One time, I’m walking down the street and a young man about nineteen pulled a switchblade out of his sleeve. I had only seen these in movies, switchblades. It flipped open. I was kind of fascinated. He said, “I want your wallet.” I handed him my wallet and he says, “Only ninety cents?” I said, “Buddy, I’ve had my purse stolen six times. Do I look stupid? I don’t carry much money on me—I don’t make much money. And I’ve got to go open the clinic.” He returned the wallet and said, “Give me your whole purse!” I said, “Young man, I know you don’t use my type of comb, and you don’t wear lipstick. I’d hate to have gossipers talking about you walking around with a lady’s purse”—impromptu reasoning. I talked calmly and directly into his eyes, and I talked softly. He did not have the switchblade up to my neck, he had it at the side of his body. So I knew from at least some street smarts that he was a novice. If he’d had it at my neck, I would have said, “Take anything. Come, I’ll do your cooking,” whatever, just to survive. When he realized that I wasn’t going to cough it up, he was stunned. He bowed and said, “Oh, after you.” I said, “No, buster, after you.” So we’re both bowing, like two matadors facing. He said, “After you,” like a gentleman letting a lady pass. All of a sudden his manners kicked in. And we kept bowing and separating and taking a few steps backwards. And eventually he turned and ran. I turned the corner and then I had a few tears coming down my cheek. Not so much scared as ticked off. How dare you?! I’ve cut my salary in half, knocked myself out for this clinic and these people that I love, and I have never harmed a flea. How could you?
I was recruited by Northwestern and I wanted a fascinating job.

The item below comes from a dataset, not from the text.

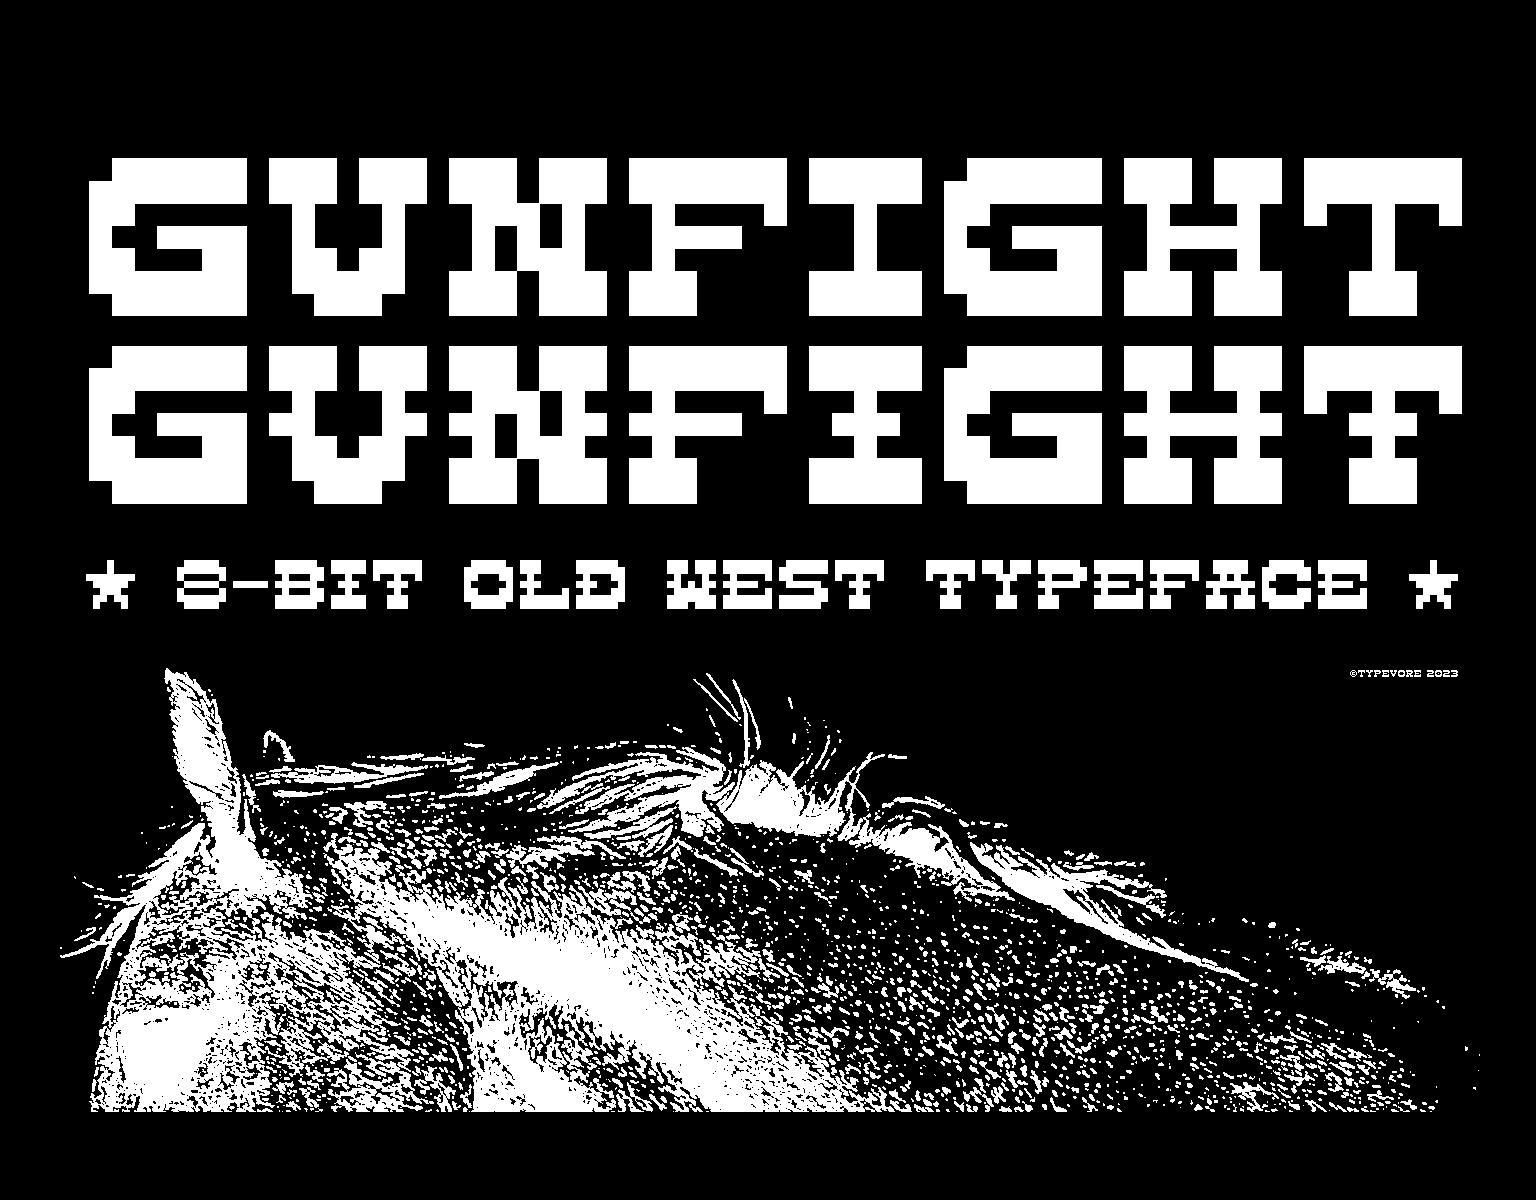 GunFight 8-Bit

I knew I could go the cushy route, make a ton of money, but it’d be boring. I love adventure—not danger, adventure. Here I could build from scratch. I consider myself a visionary. Even if you go to a job nine-to-five, you can still be visionary. I recruited student nurses, social workers, medical record students. I did marketing, I worked on grant proposals, publicity. We had Spanish and blacks and Caucasians. When the word got out, we got Asians, East Indians, multiethnic. We had no elevator—they had to walk up three flights of stairs.